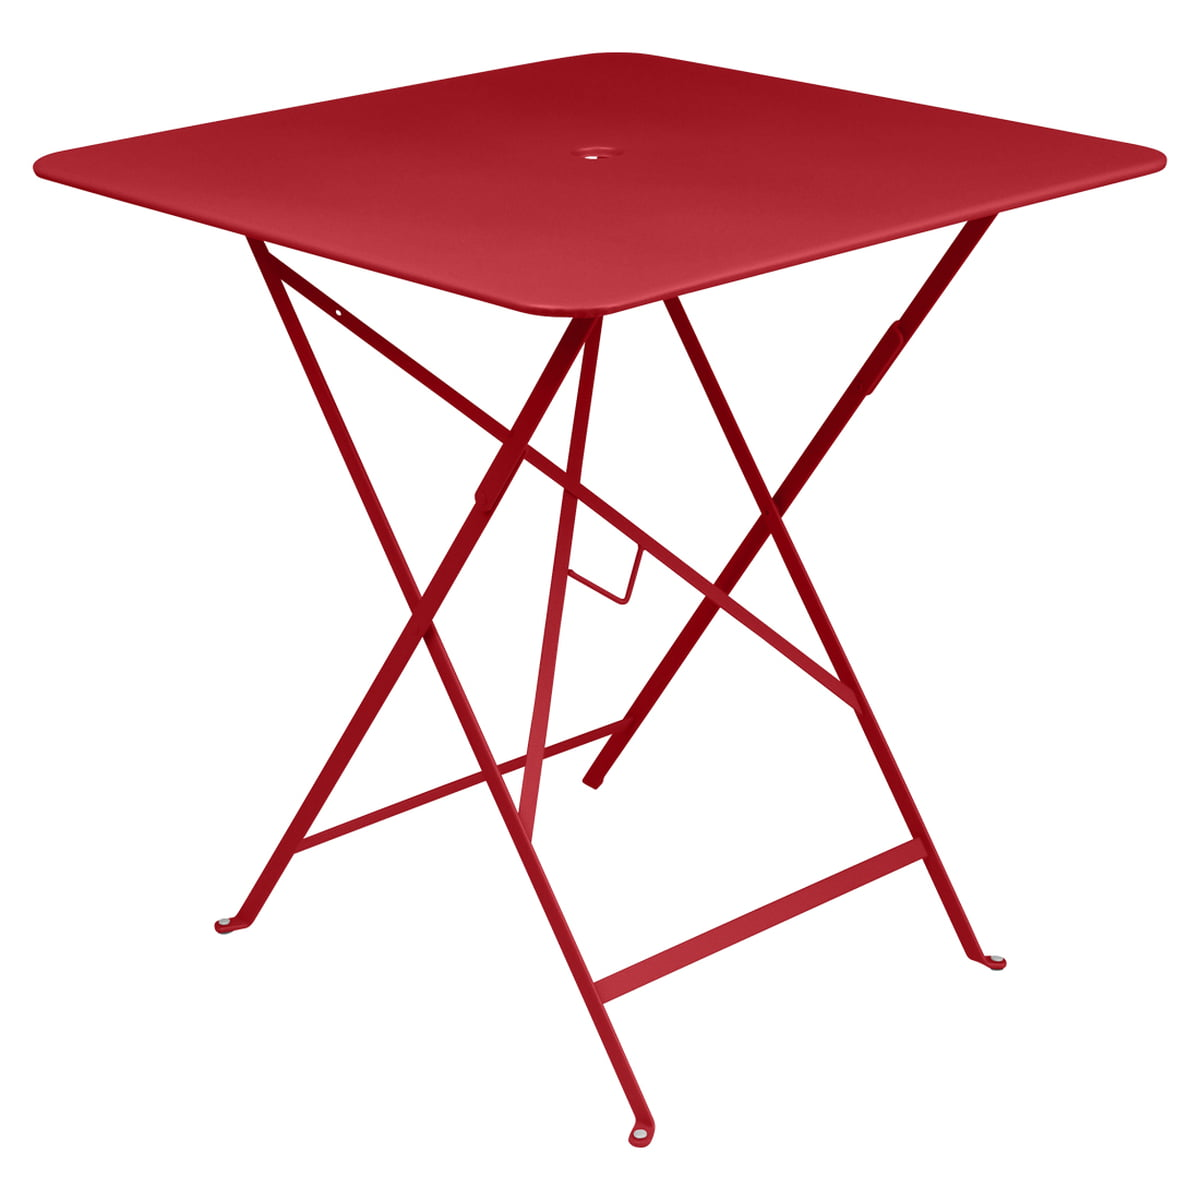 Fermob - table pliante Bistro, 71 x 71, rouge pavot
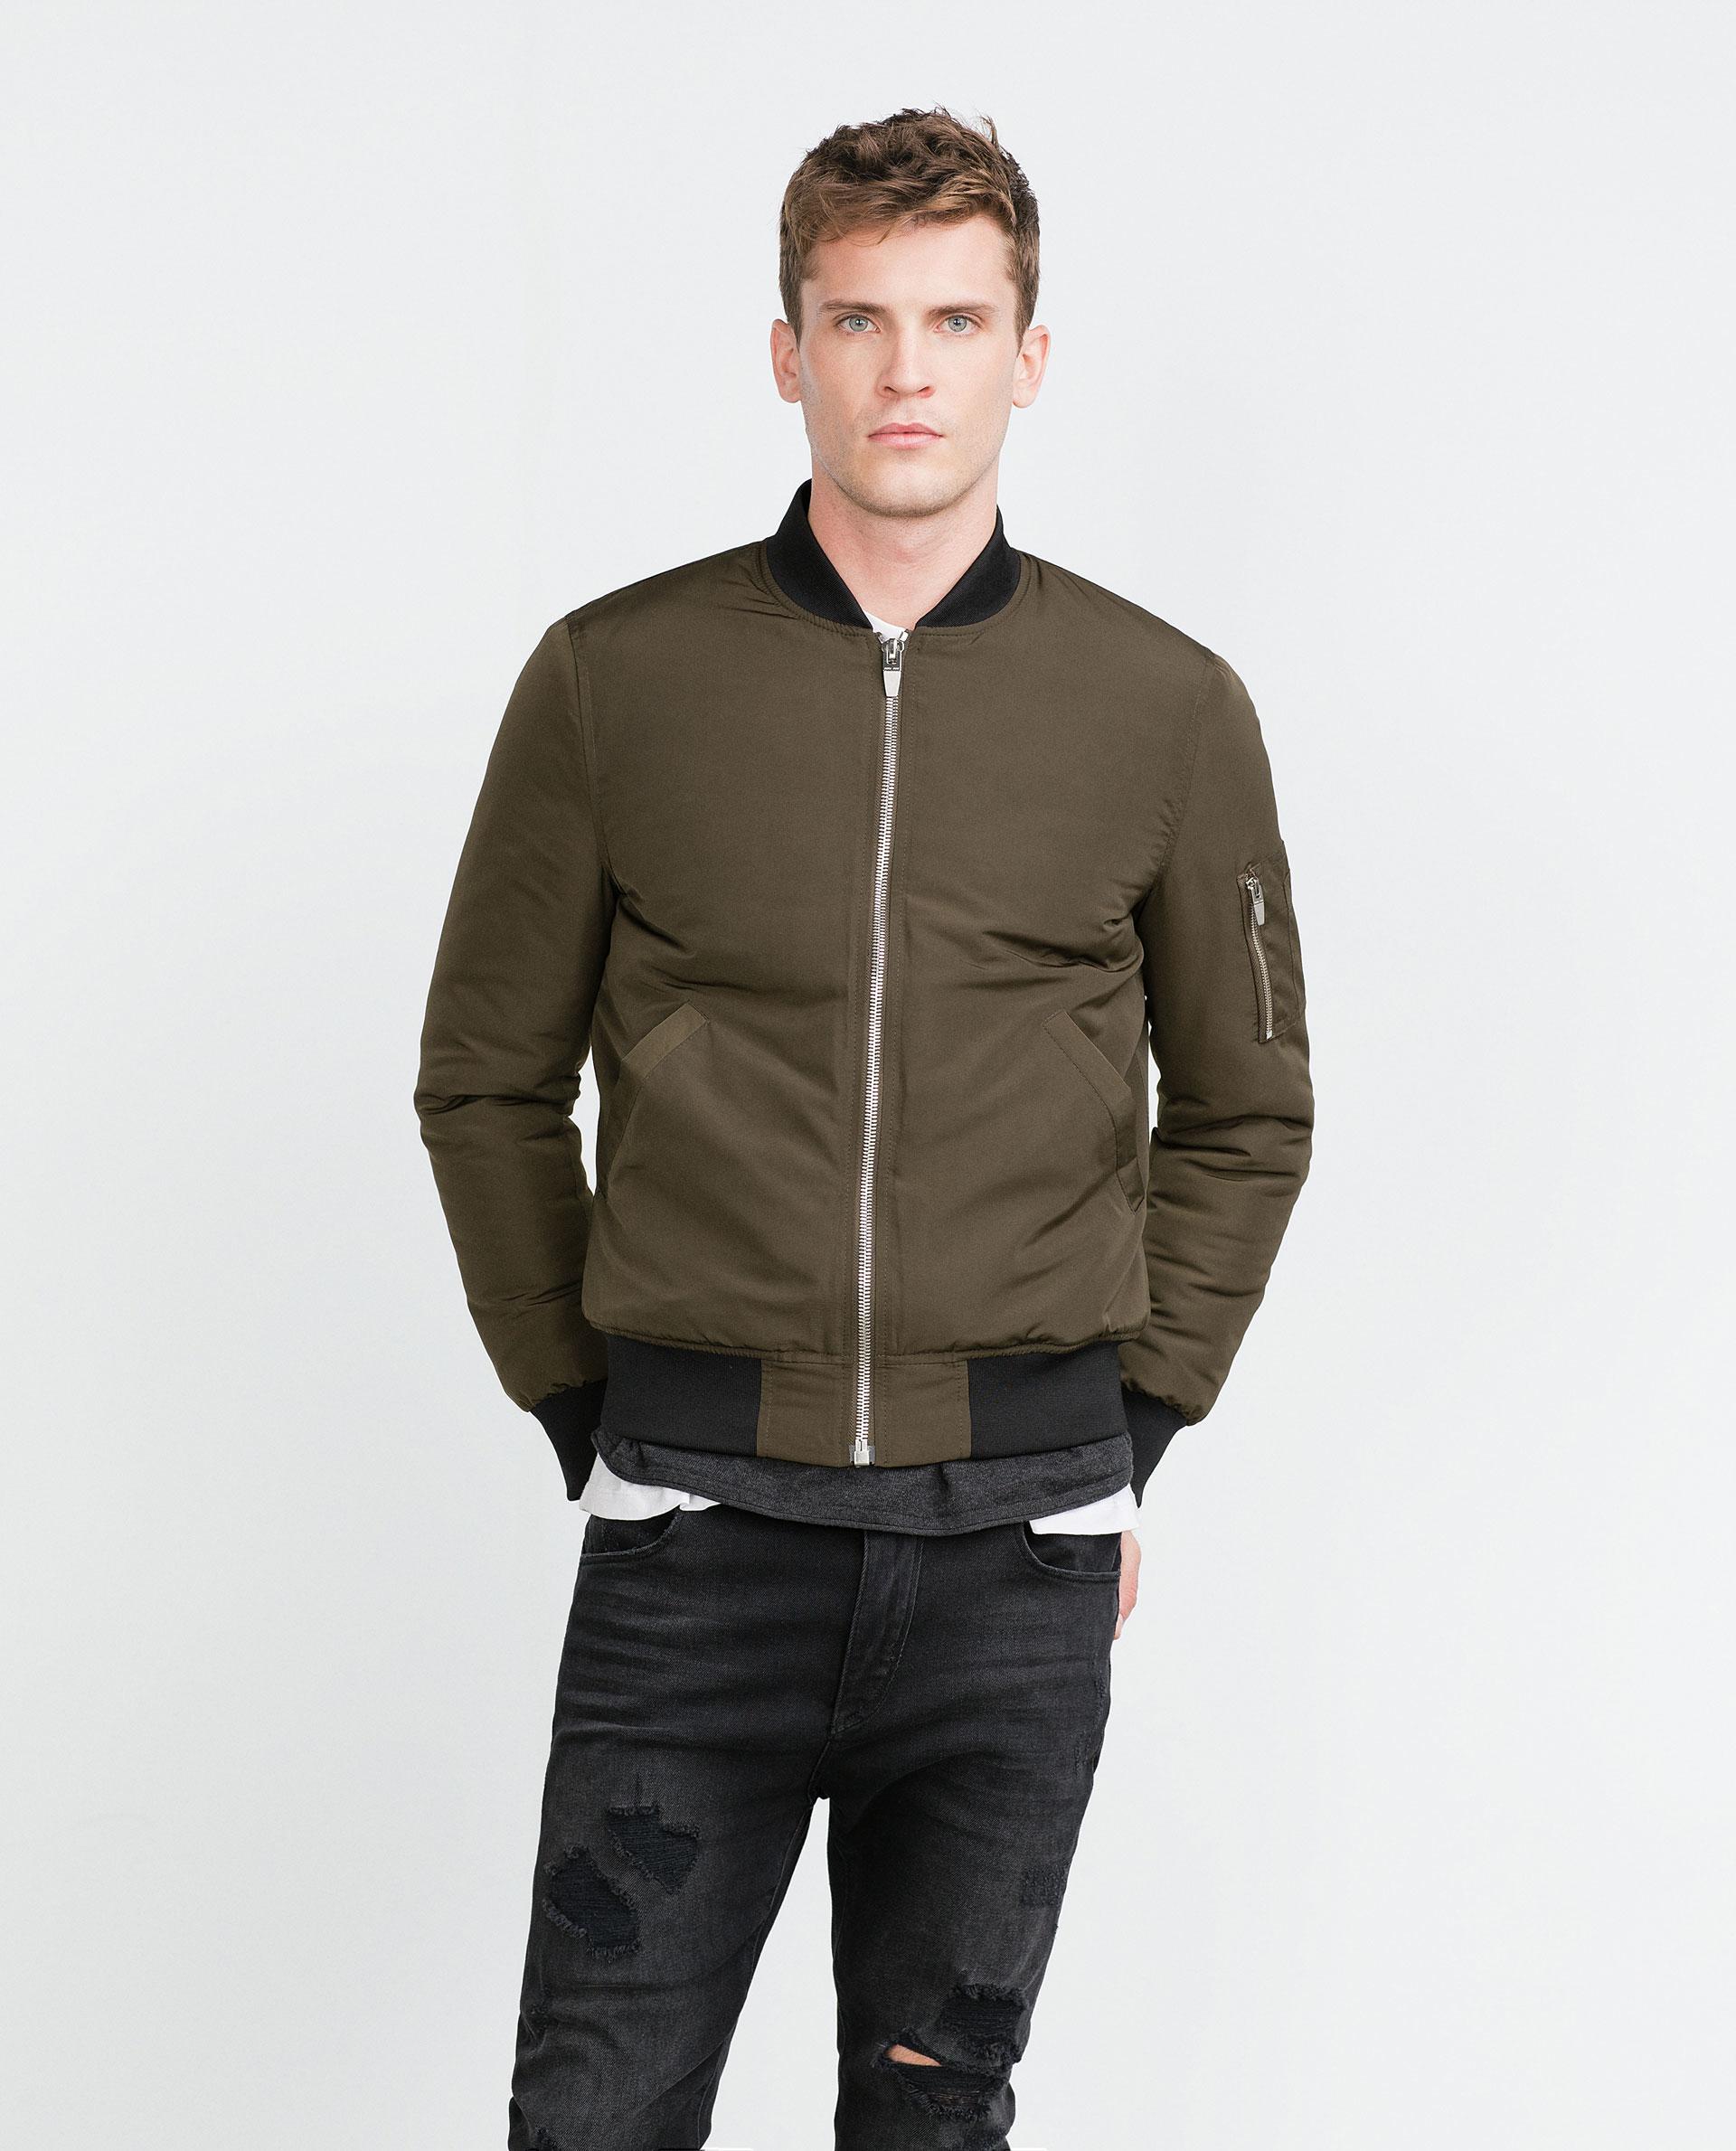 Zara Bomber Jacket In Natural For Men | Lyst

+===+

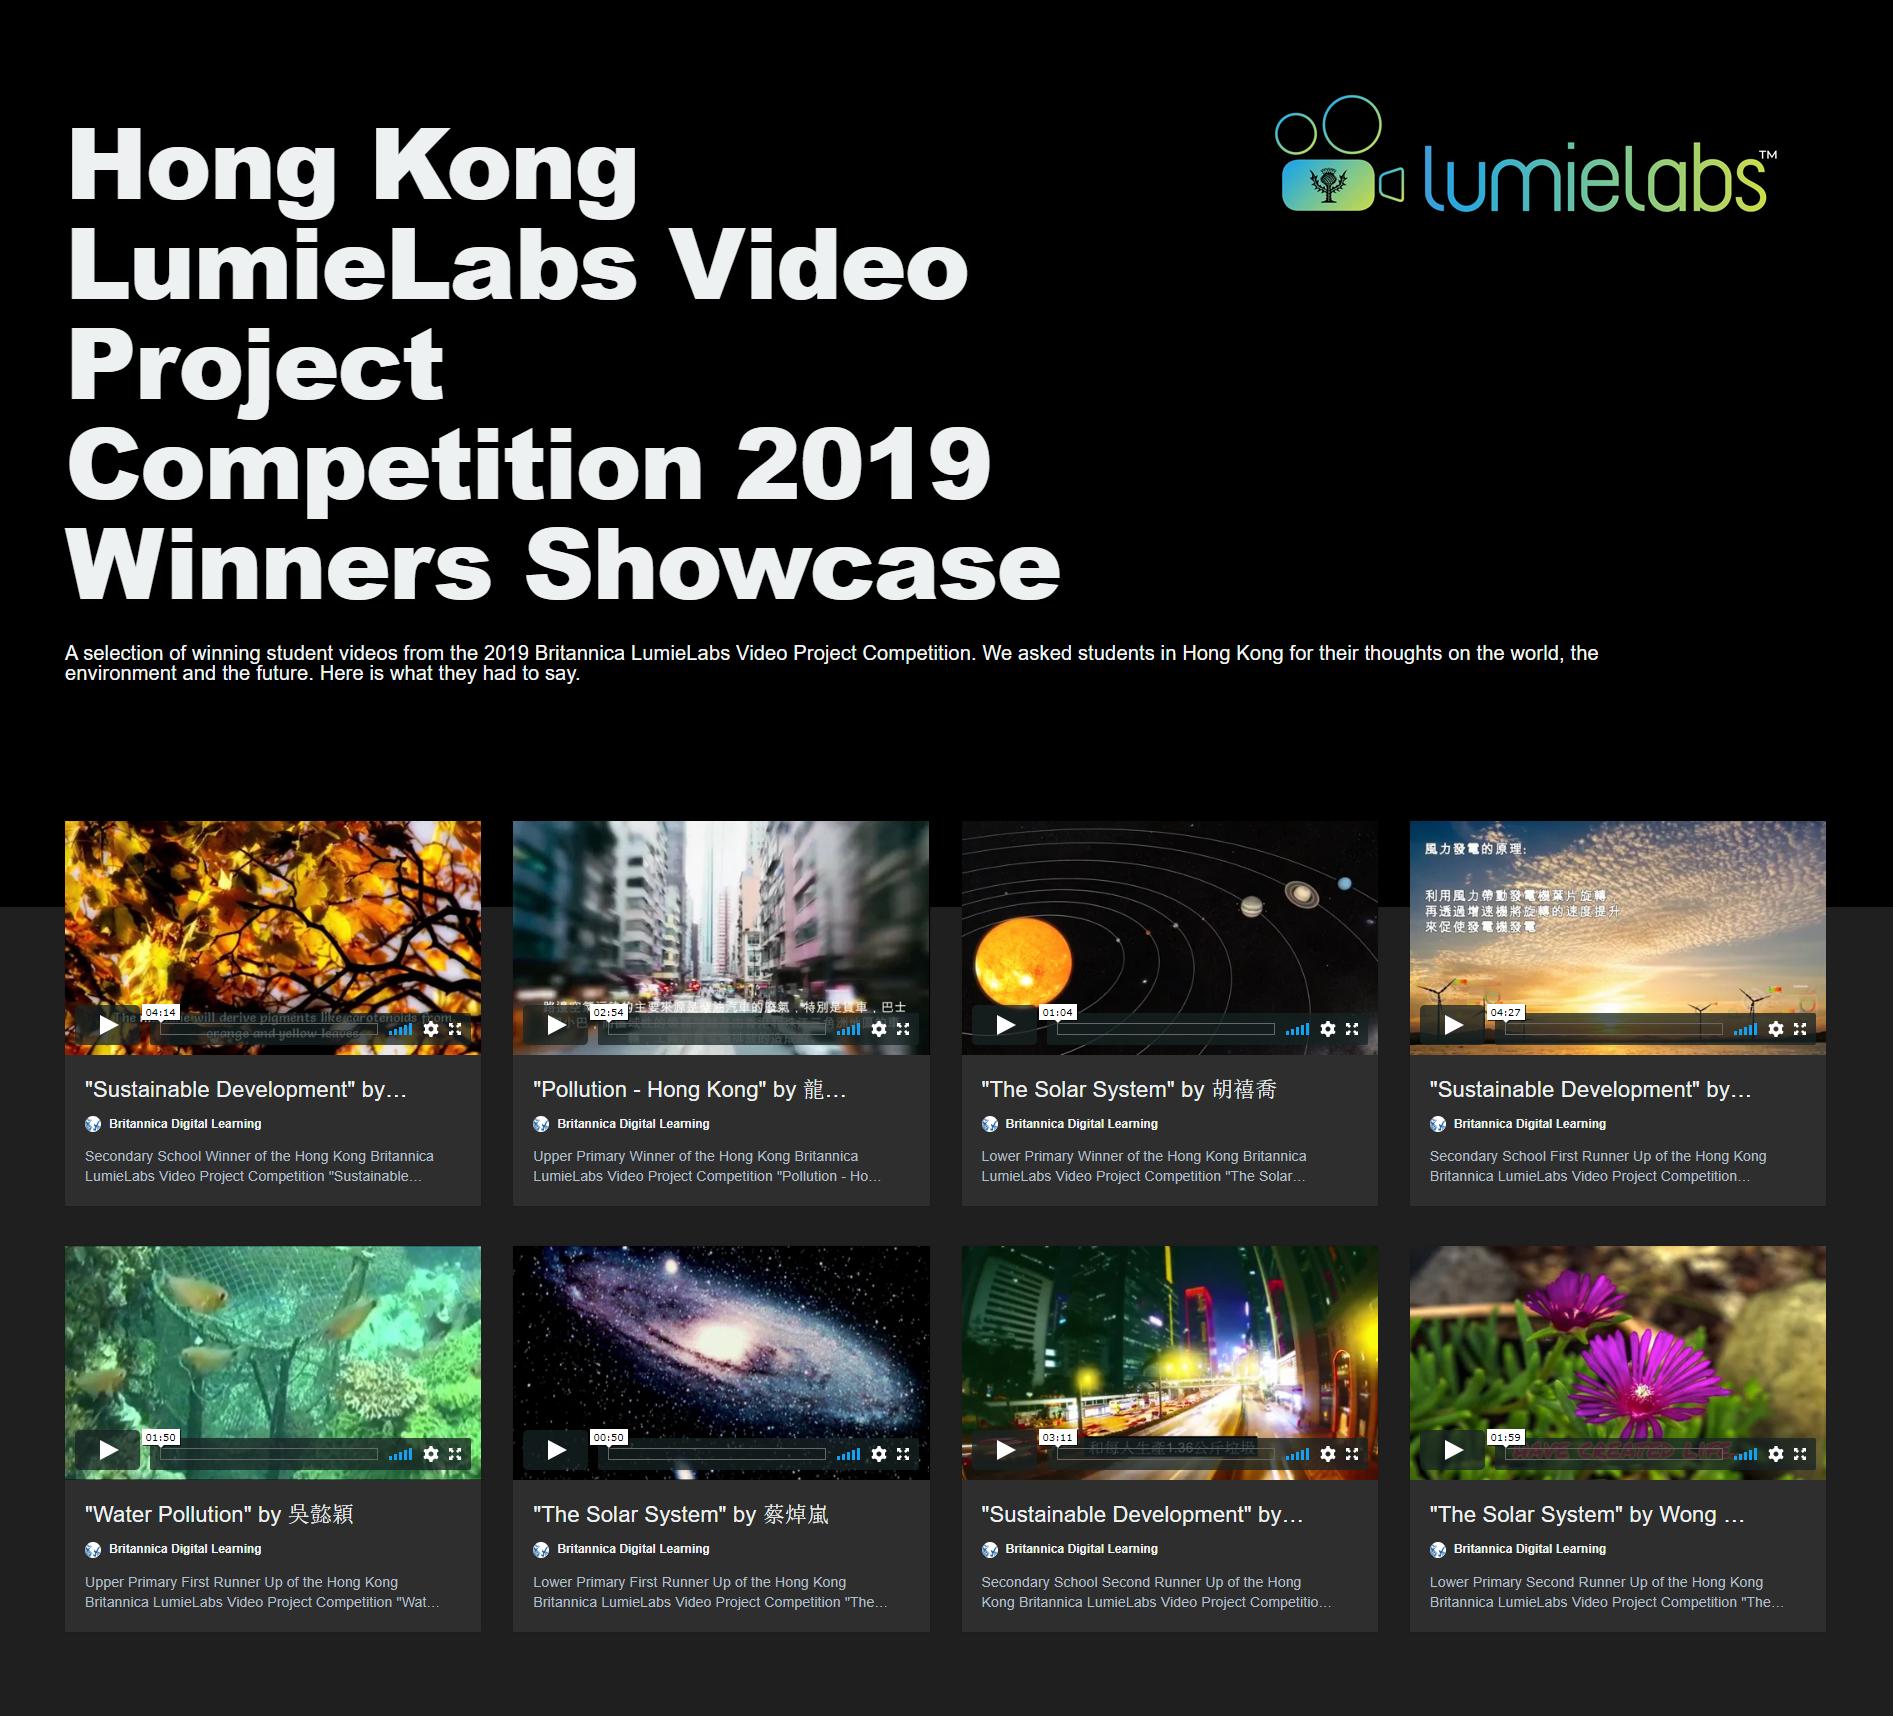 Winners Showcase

+===+

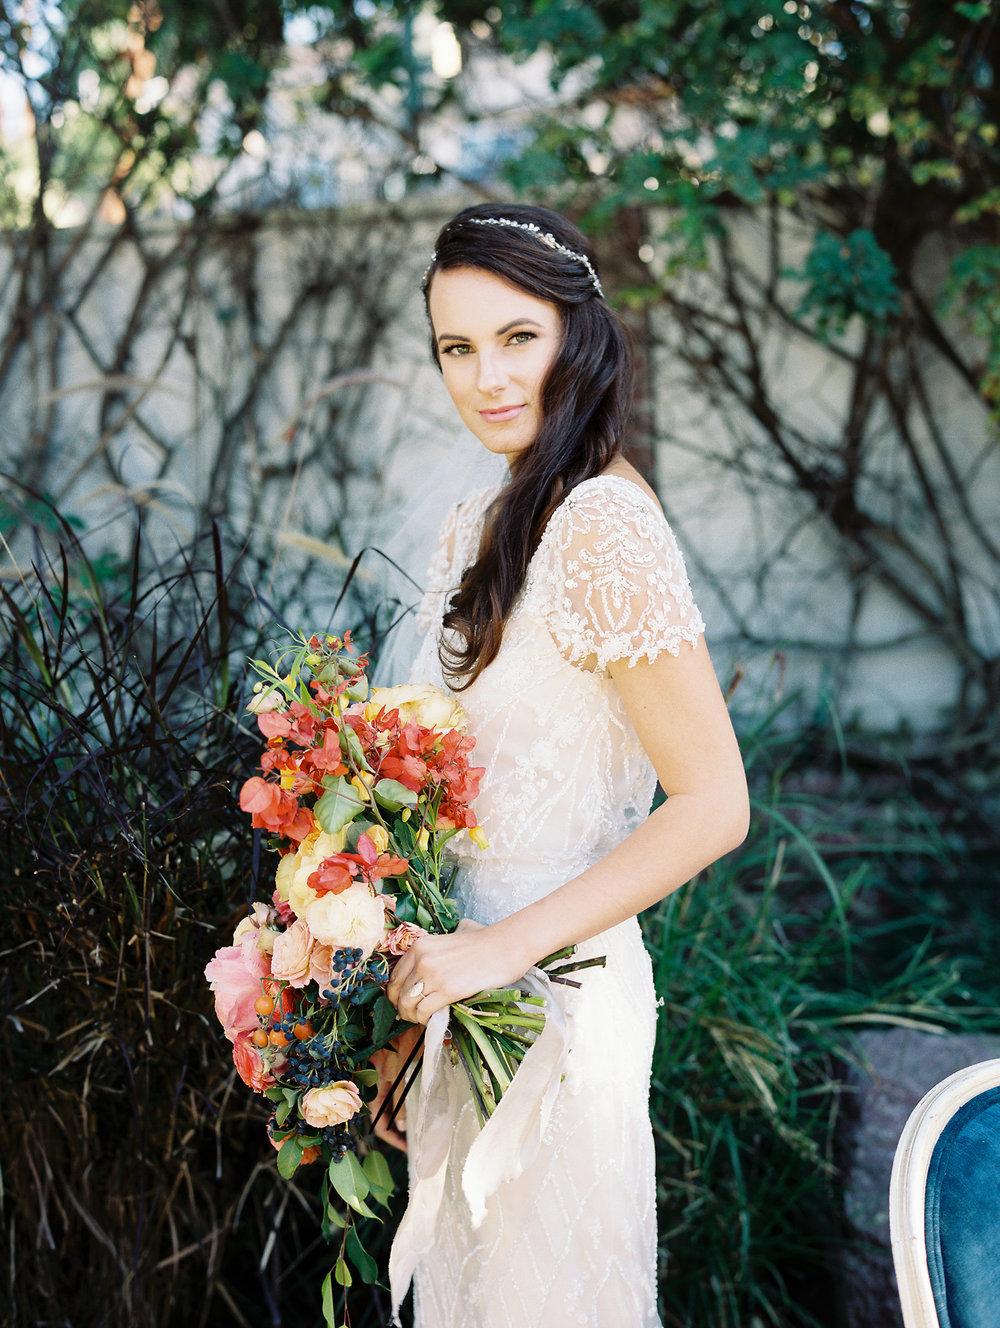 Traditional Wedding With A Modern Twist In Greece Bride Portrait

+===+

From the listing above, restate verbatim the lines running from the one with "Fermob - table" through the one with "Zara Bomber Jacket In Natural For Men | Lyst", inclusive, but not the pictures.

 Fermob - table pliante Bistro, 71 x 71, rouge pavot
 Zara Bomber Jacket In Natural For Men | Lyst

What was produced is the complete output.